Trace analytics pipeline
To monitor trace analytics in Data Prepper, we provide three pipelines: entry-pipeline
, raw-trace-pipeline
, and service-map-pipeline
. The following image provides an overview of how the pipelines work together to monitor trace analytics.
OpenTelemetry trace source
The OpenTelemetry source accepts trace data from the OpenTelemetry Collector. The source follows the OpenTelemetry Protocol and officially supports transport over gRPC and the use of industry-standard encryption (TLS/HTTPS).
Processor
There are three processors for the trace analytics feature:
- otel_trace_raw - The otel_trace_raw processor receives a collection of span records from otel-trace-source, and performs stateful processing, extraction, and completion of trace-group-related fields.
- otel_trace_group - The otel_trace_group processor fills in the missing trace-group-related fields in the collection of span records by looking up the OpenSearch backend.

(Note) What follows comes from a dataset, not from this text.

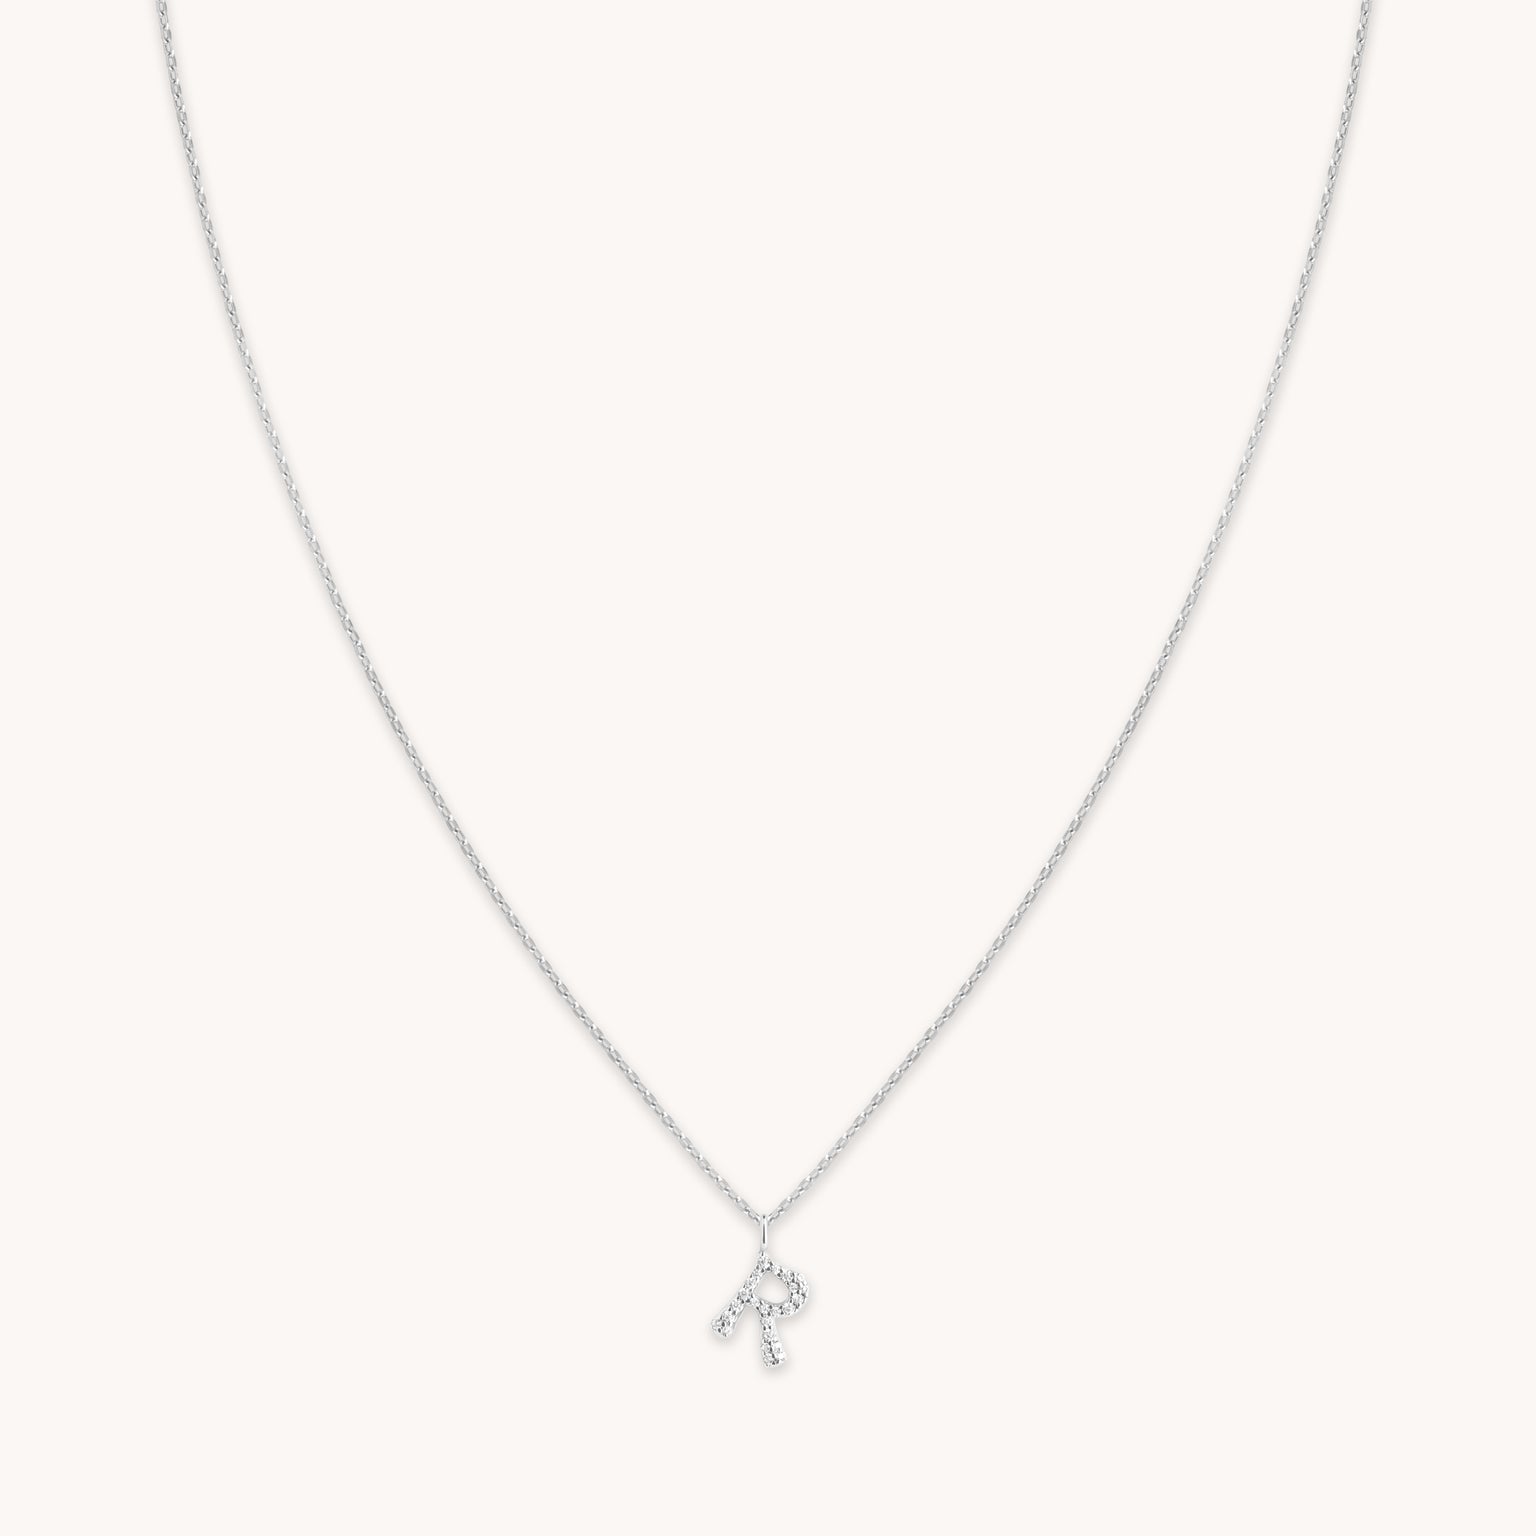 R Initial Pavé Pendant Necklace in Silver

- service_map_stateful – The service_map_stateful processor performs the required preprocessing for trace data and builds metadata to display the
service-map
dashboards.
OpenSearch sink
OpenSearch provides a generic sink that writes data to OpenSearch as the destination. The OpenSearch sink has configuration options related to the OpenSearch cluster, such as endpoint, SSL, username/password, index name, index template, and index state management.

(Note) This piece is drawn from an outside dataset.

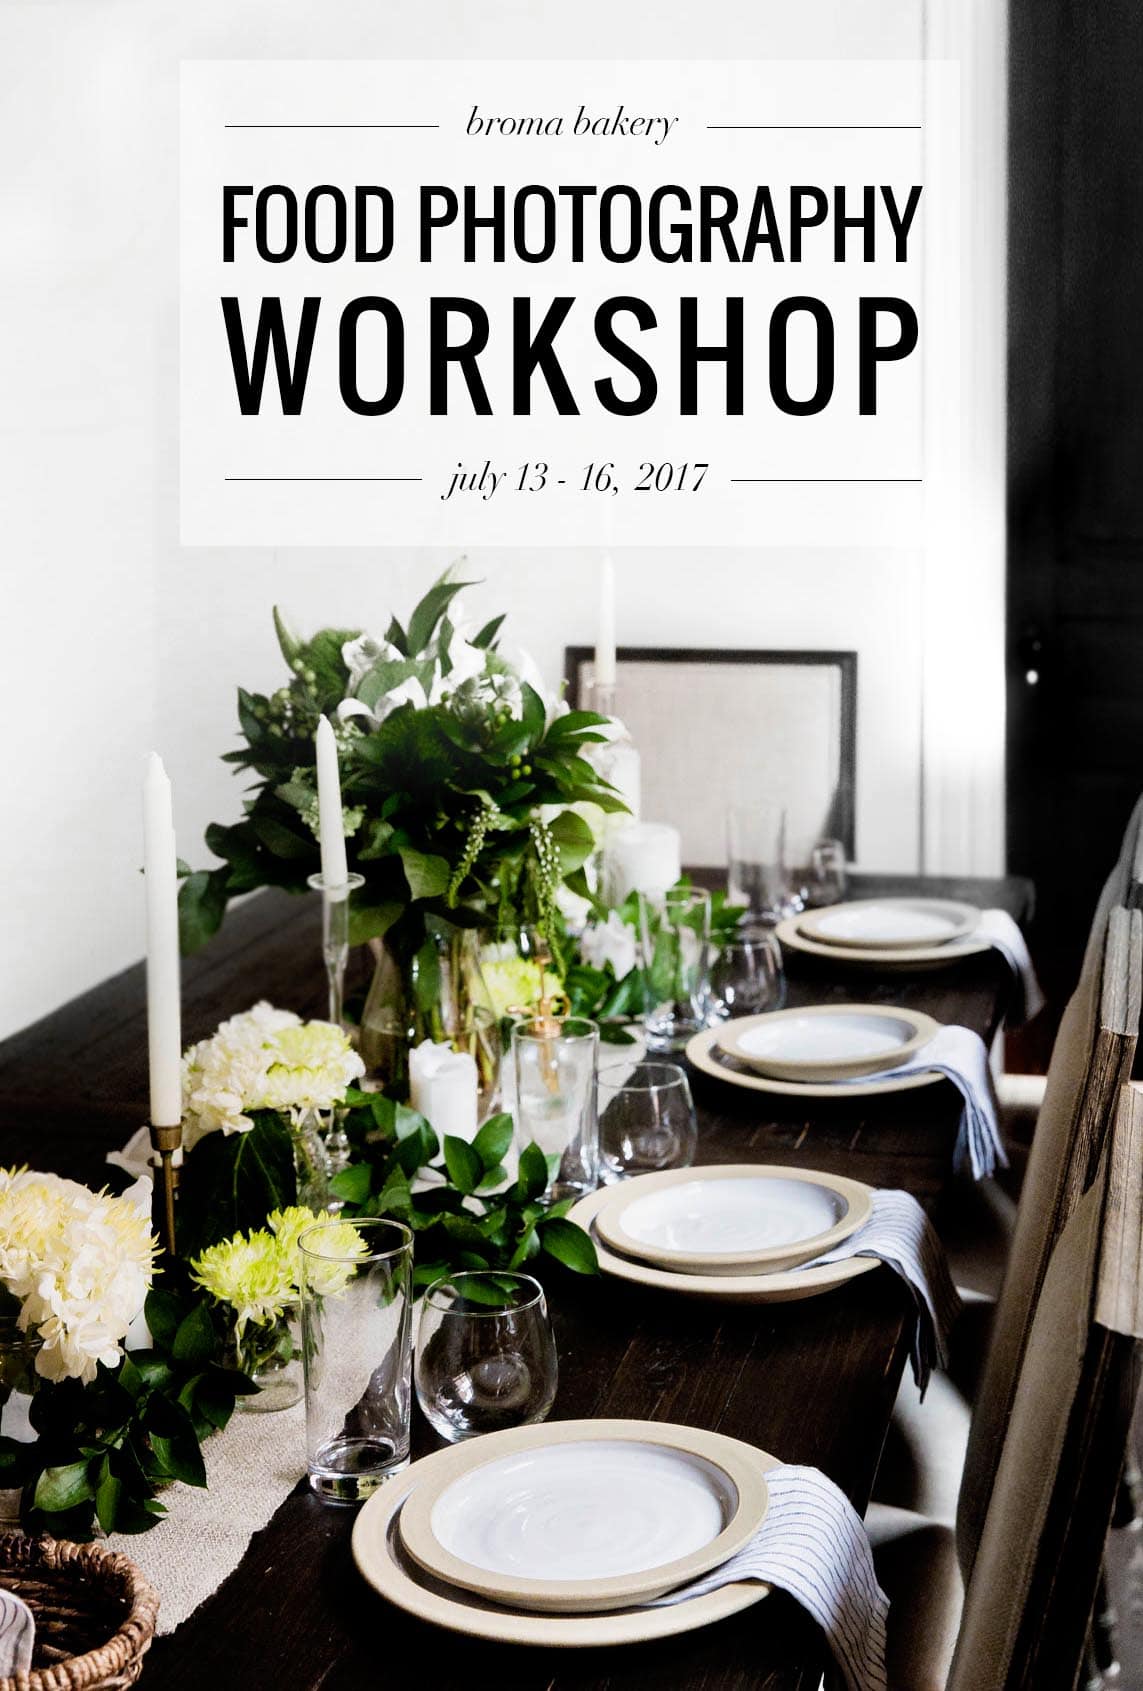 Come join us July 13-16, 2017 for a 4-day food photography workshop in Ann Arbor, MI!

The sink provides specific configurations for the trace analytics feature. These configurations allow the sink to use indexes and index templates specific to trace analytics. The following OpenSearch indexes are specific to trace analytics:
- otel-v1-apm-span – The otel-v1-apm-span index stores the output from the otel_trace_raw processor.
- otel-v1-apm-service-map – The otel-v1-apm-service-map index stores the output from the service_map_stateful processor.
Trace tuning
Starting with version 0.8.x, Data Prepper supports both vertical and horizontal scaling for trace analytics. You can adjust the size of a single Data Prepper instance to meet your workload’s demands and scale vertically.

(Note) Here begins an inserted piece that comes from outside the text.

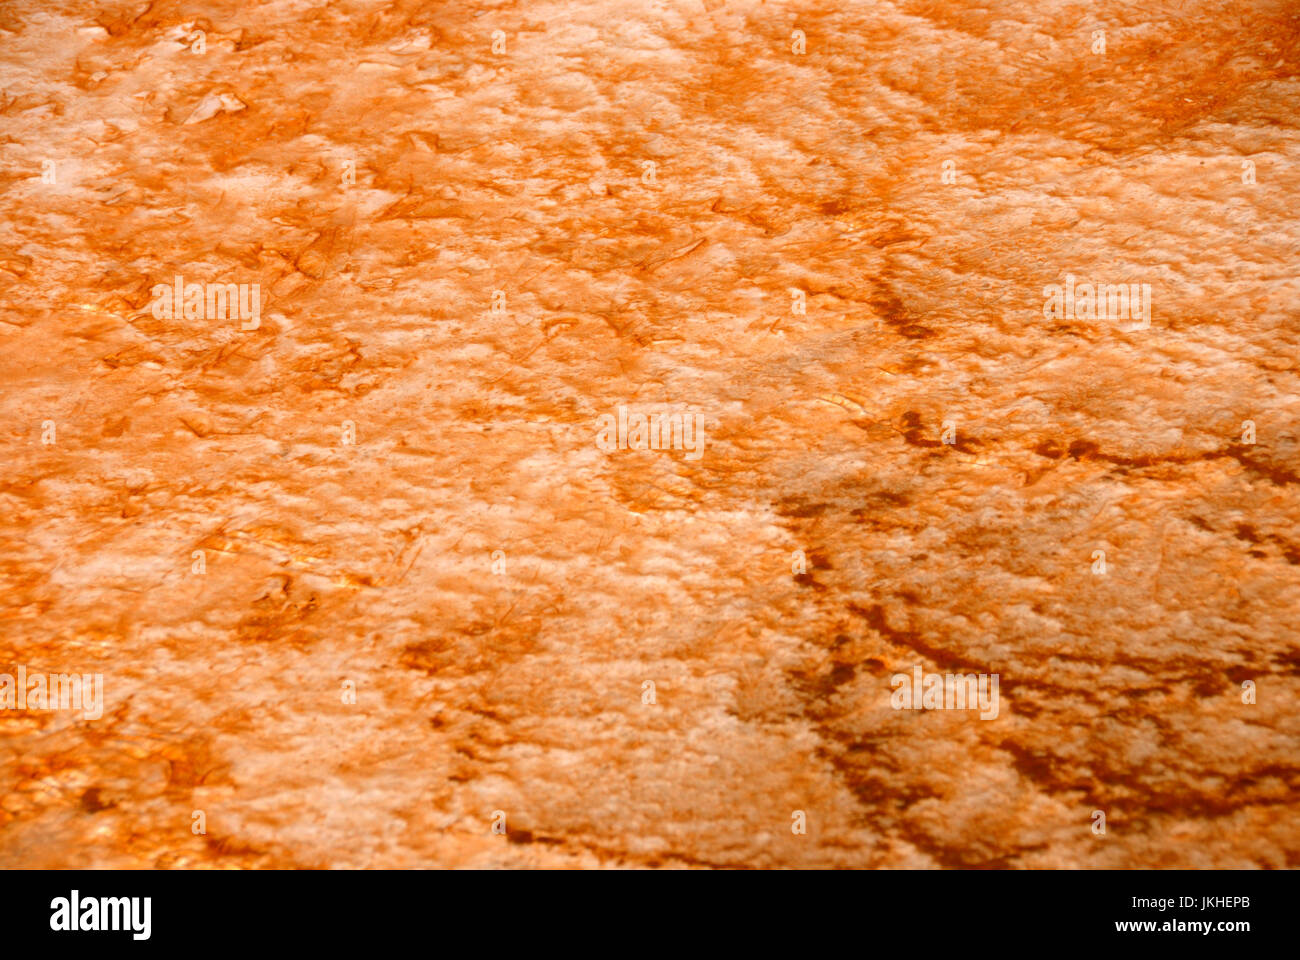 Colorful Bacterial mat, Grand Prismatic Spring, Yellowstone National Park, Wyoming, USA Stock Photo

You can scale horizontally by using the core peer forwarder to deploy multiple Data Prepper instances to form a cluster. This enables Data Prepper instances to communicate with instances in the cluster and is required for horizontally scaling deployments.
Scaling recommendations
Use the following recommended configurations to scale Data Prepper. We recommend that you modify parameters based on the requirements. We also recommend that you monitor the Data Prepper host metrics and OpenSearch metrics to ensure that the configuration works as expected.
Buffer
The total number of trace requests processed by Data Prepper is equal to the sum of the buffer_size
values in otel-trace-pipeline
and raw-pipeline
. The total number of trace requests sent to OpenSearch is equal to the product of batch_size
and workers
in raw-trace-pipeline
. For more information about raw-pipeline
, see Trace analytics pipeline.
We recommend the following when making changes to buffer settings:
- The
buffer_size
value inotel-trace-pipeline
andraw-pipeline
should be the same. - The
buffer_size
should be greater than or equal toworkers
*batch_size
in theraw-pipeline
.
Workers
The workers
setting determines the number of threads that are used by Data Prepper to process requests from the buffer. We recommend that you set workers
based on the CPU utilization. This value can be higher than the number of available processors because Data Prepper uses significant input/output time when sending data to OpenSearch.
Heap
Configure the Data Prepper heap by setting the JVM_OPTS
environment variable. We recommend that you set the heap value to a minimum value of 4
* batch_size
* otel_send_batch_size
* maximum size of indvidual span
.
As mentioned in the OpenTelemetry Collector section, set otel_send_batch_size
to a value of 50
in your OpenTelemetry Collector configuration.
Local disk
Data Prepper uses the local disk to store metadata required for service map processing, so we recommend storing only the following key fields: traceId
, spanId
, parentSpanId
, spanKind
, spanName
, and serviceName
. The service-map
plugin stores only two files, each of which stores window_duration
seconds of data. As an example, testing with a throughput of 3000 spans/second
resulted in the total disk usage of 4 MB
.
Data Prepper also uses the local disk to write logs. In the most recent version of Data Prepper, you can redirect the logs to your preferred path.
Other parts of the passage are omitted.